This is interest: a small, delicate, flame. They already got _started_
watching videos, and want to ramp it up with more details. I think the
increase in complexity ought to be gradual and match their toolbox: not too
trivial to cause boredom, and not too complex to completely discourage them. I
think actually getting started, not quitting, and picking up the necessary
tools along the way to solve problems as they arise is one approach.

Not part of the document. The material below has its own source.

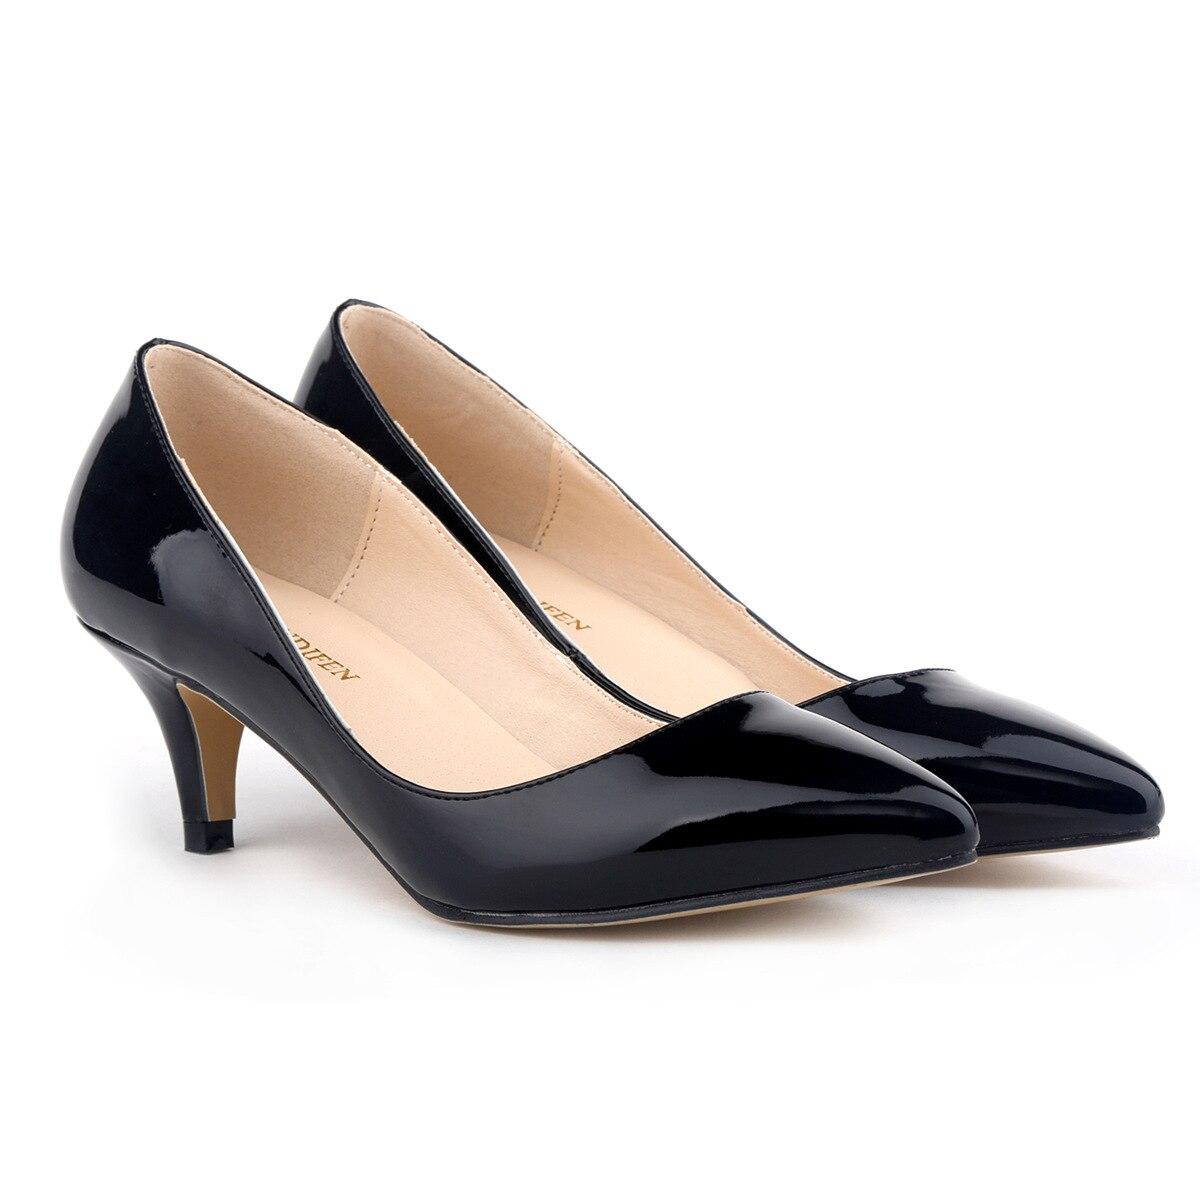 Compra forever high heels y disfruta del envío gratuito en AliExpress.com 2bae6153fed1

They will equip their toolbox with calculus, linear algebra, statistics, and
all the things that brilliant people spent lifetimes building on top of each
others' work throughout humanity's existence. They may even fall in love with
these disciplines and pursue them for their own sake, but it is not
lennyscales' ask. Mastering these is not necessary to _get started with ML_ ,
no more than mastering computation theory and symbolic logic are necessary to
_get started with programming_.

This reply is given with bold assumptions on what you meant in yours, since it
was an objection against an approach without a recommendation for another. My
assumptions could be wrong.

------
krimuthu
You should take a look at Grokking Deep Learning[1] by Andrew Trask. Its one
of the few books on Deep Learning which a student with high school mathematics
knowledge can read and understand. DL is about programming the computer so its
expected you would be able to write code using python.

[1]: [https://www.manning.com/books/grokking-deep-
learning](https://www.manning.com/books/grokking-deep-learning)